Among the reasons for the decline, Moody's cites high pension liabilities, declining property values, and $679 million in outstanding debt. This comes after the City of Minneapolis and Mayor RT Rybak worked to steer the city out of financial shortfalls, landing the AAA rating three years ago.
"I am a resident of Minneapolis and I'm not going to lose any sleep over the fact we are a Aa1 rather than an AAA by Moody's," said Jay Kiedrowski, a University of Minnesota Humphrey School Fellow and a former budget director for the City of Minneapolis. "Moody's doesn't like pension debt and I think they were concerned about Minneapolis pension debt even though the City of Minneapolis has been proactive about trying to take care of pension debt."
He says Moody's recently tightened criteria when it comes to pensions, and the move that could cost the city and taxpayers a tiny bit more than before.
"Buyers of bonds in the marketplace will likely require higher interest rates, which translates to slightly higher property taxes but we are talking about a dime or twenty cents a year," said Kiedrowski.
Kevin Carpenter, the City of Minneapolis' current financial officer, argues that borrowing costs will not be affected and says Moody's new methodology is overly simplistic. He cites a trend in financial growth, with a growing tax base from construction projects, and payments of over $550 million in debt from the city's $1.3 billion shortfall seven or eight years ago.

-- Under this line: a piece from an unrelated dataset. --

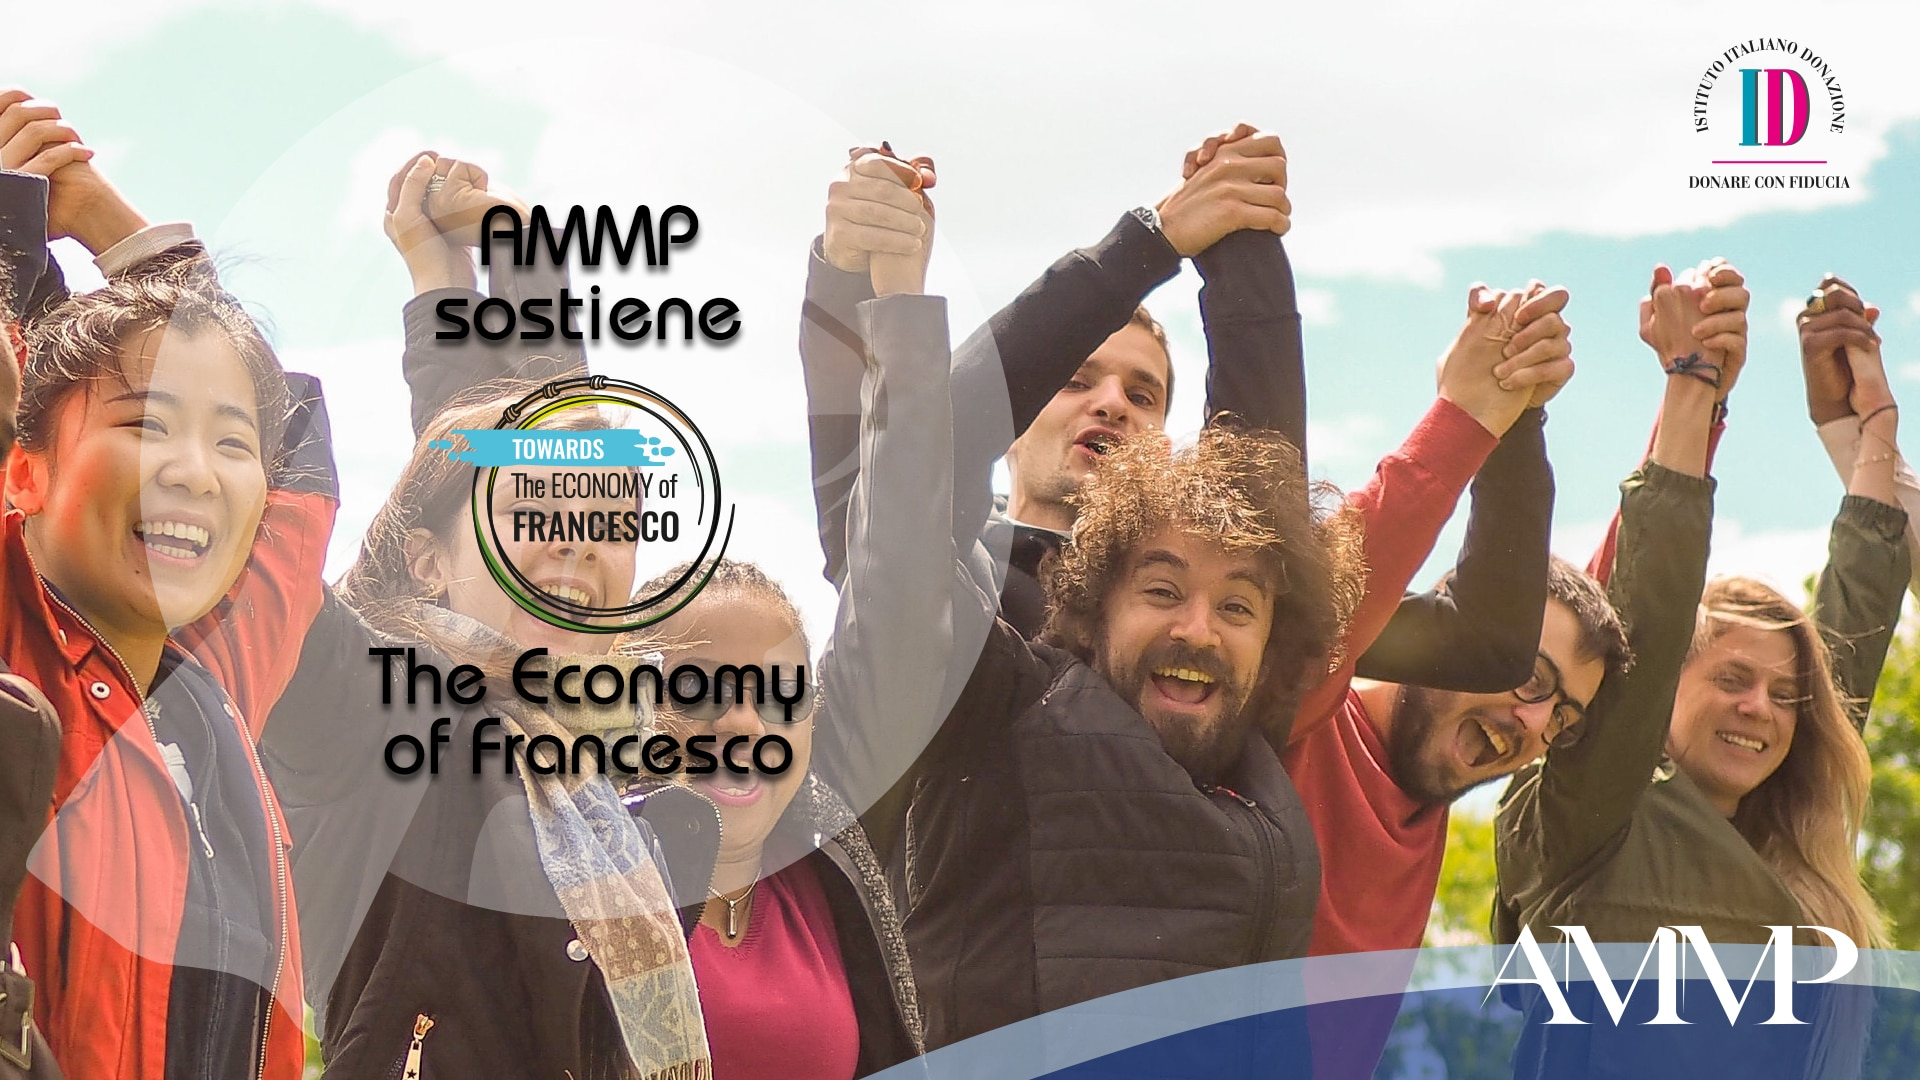 AMMP sostiene the Economy of Francesco

"We just think it's an overreaction of a long term risk to the city. We take our pension obligations very seriously," said Carpenter. "This action won't affect our borrowing costs, we still have AAA ratings from two other agencies and I think this will be negligible if any on our borrowing costs."
Carpenter says Moody's put the city of Minneapolis on a credit watch, along with 29 other cities back in April, when examining new pension criteria. In an email statement, he told city employees that despite Moody's rating, the city's financial future is bright.
"While we think that the action by Moody's is an overreaction to one element of the City's financial portfolio, you should remember that Minneapolis remains among the top-rated cities and local districts in the country....because Minneapolis retains the highest possible credit ratings from the other two rating agencies, Fitch and Standard and Poor's, we do not anticipate that this one-notch adjustment from Moody's will have any material financial impact on the city's fiscal health moving forward," Carpenter wrote.
"It's a small negative for the city of Minneapolis but in the grand scheme of things, it's not that big of a deal," said Kiedrowski.
The city did earn a "stable" outlook based on expectations of a strengthening tax base and other considerations.
Tuesday, Moody's upgraded its outlook on Minnesota's financial status from "negative" to "stable." The state of Minnesota also currently has the Aa1 rating as well.